Bone pain was defined as being present if the patient reported an event in the 30-day interval before the medical visit.

Bone crises

Bone crisis was defined as being present if the patient reported an event at the time of the medical visit (see Table 2 for definition).

Statistical analyses

All data are expressed as mean ± standard deviation (SD), median with 25th and 75th percentiles, or frequency distribution, as appropriate. The numbers and percentages of patients with data available at each time point are reported. All data received before initiating enzyme therapy were considered baseline data.

Nonlinear mixed models were used to analyze the predicted time course for hemoglobin, platelet count, liver and spleen volumes, and height Z-score [19]. For liver and spleen volumes, only those volumes reported as MN were included in the nonlinear mixed models.

SAS (Statistical Software System version 9.2 - SAS Institute, Cary, NC, USA) was used to perform all data analysis in accordance with the guidelines for Strengthening the Reporting of Observational Studies in Epidemiology [20].

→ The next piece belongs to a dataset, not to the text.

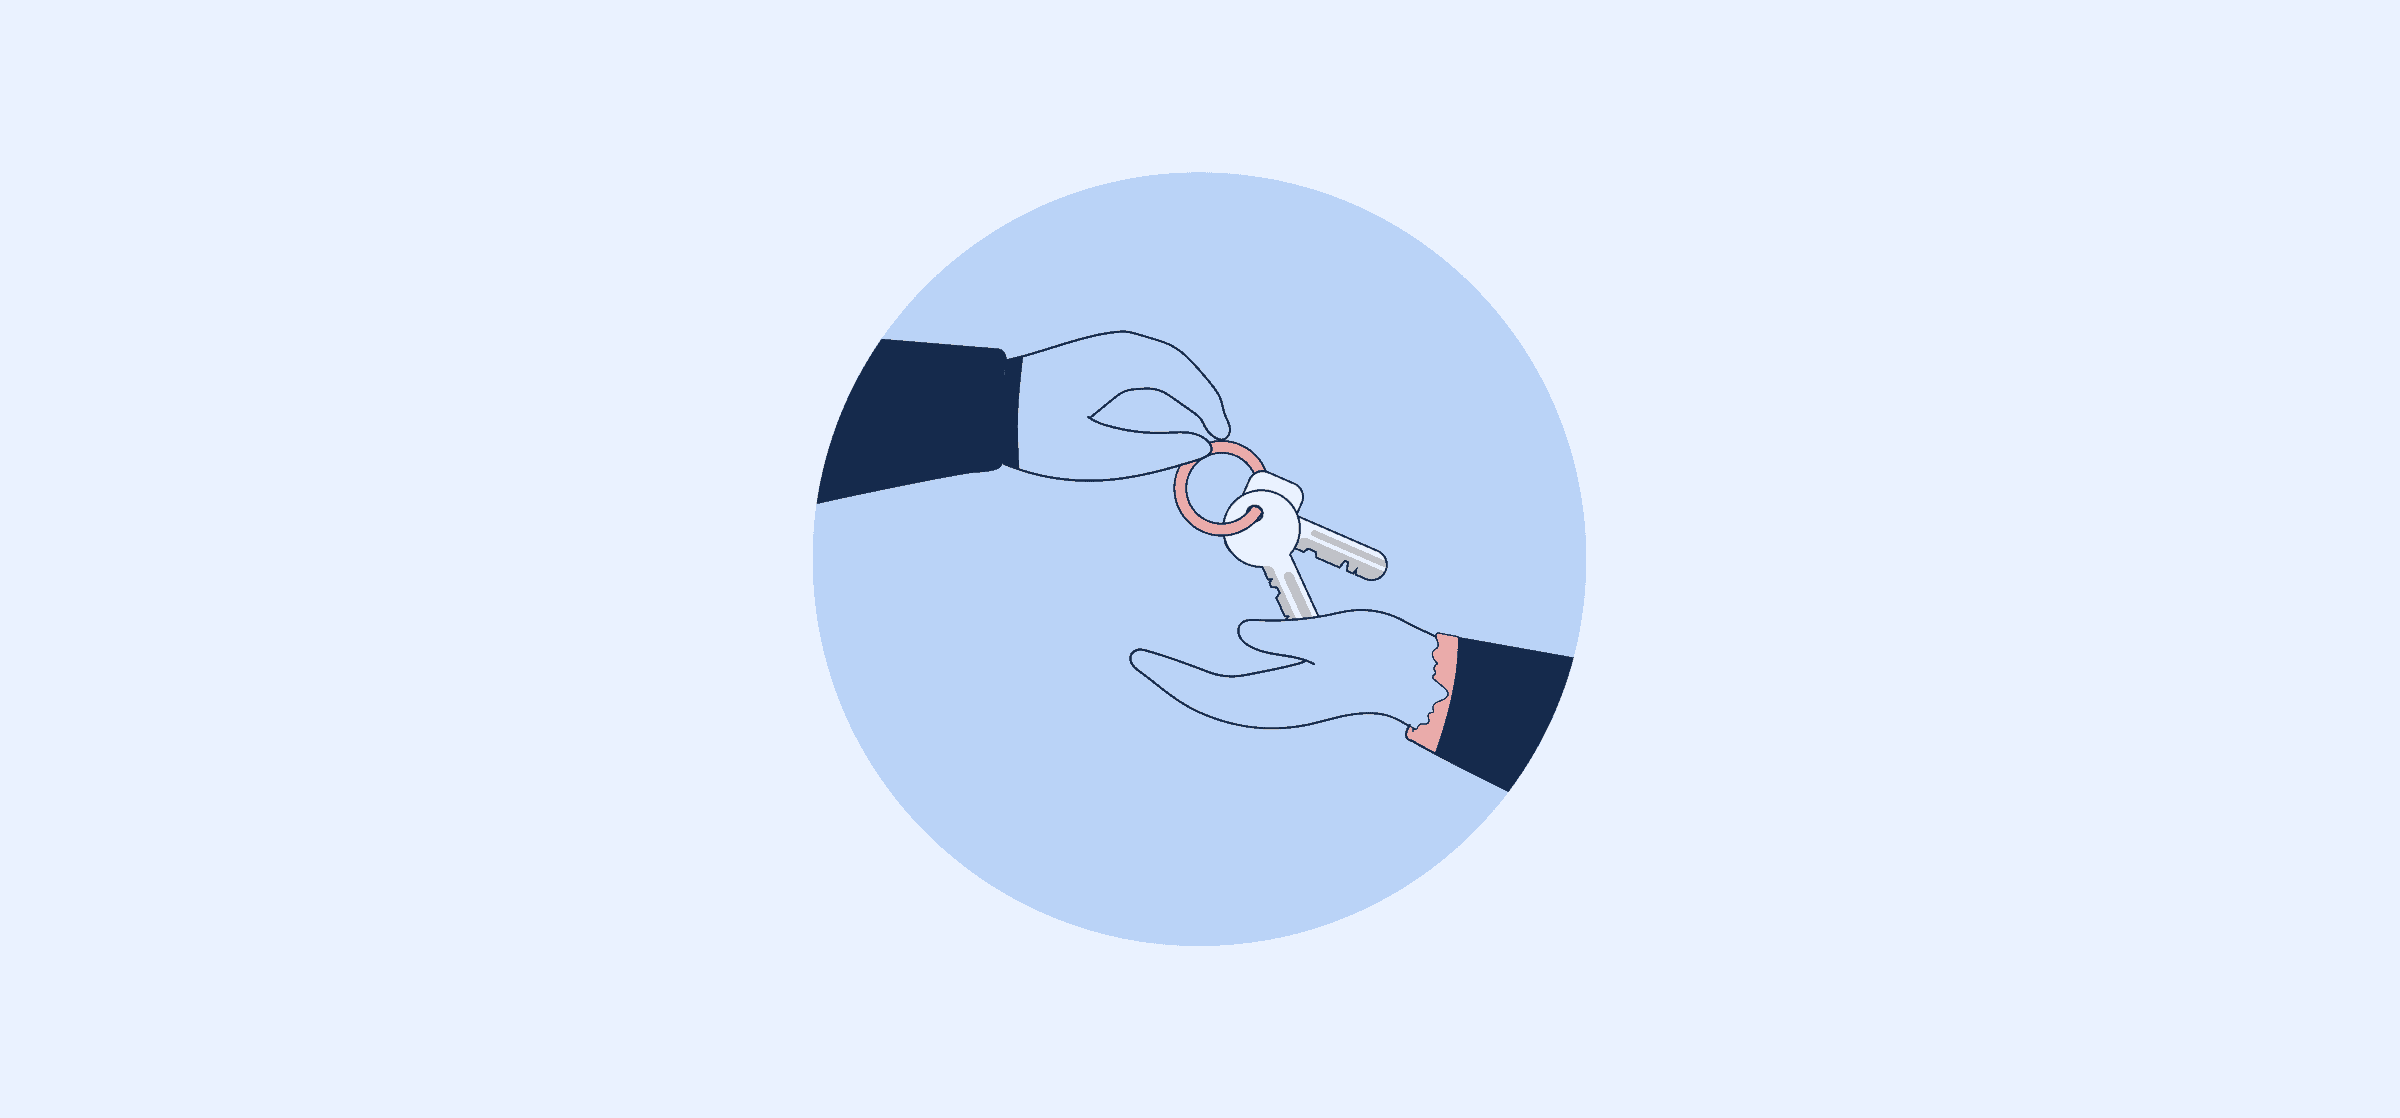 An illustration of hands passing keys, representing the project closeout.

As of 7 October 2011, 6,044 patients were enrolled in the ICGG Gaucher Registry. Of these, 1,540 patients had a diagnosis of GD1 and initiated imiglucerase treatment before 18 years of age. The number of patients from Latin America who met these inclusion criteria was 443. The final analysis was based on these 443 patients.

Demographics and genotypes of all Latin American children with GD1

The demographic characteristics of the Latin American pediatric population are summarized in Table 1. Most (83.9%, n = 363) were diagnosed with GD1 before 12 years of age. Most (61.4%) children were from Brazil, with Black/Caribbean (29.3%), non-Jewish Caucasian (27.3%) or Hispanic (26.2%) ancestry. Most patients (40.6%, n = 180) initiated treatment between 6 and <12 years of age.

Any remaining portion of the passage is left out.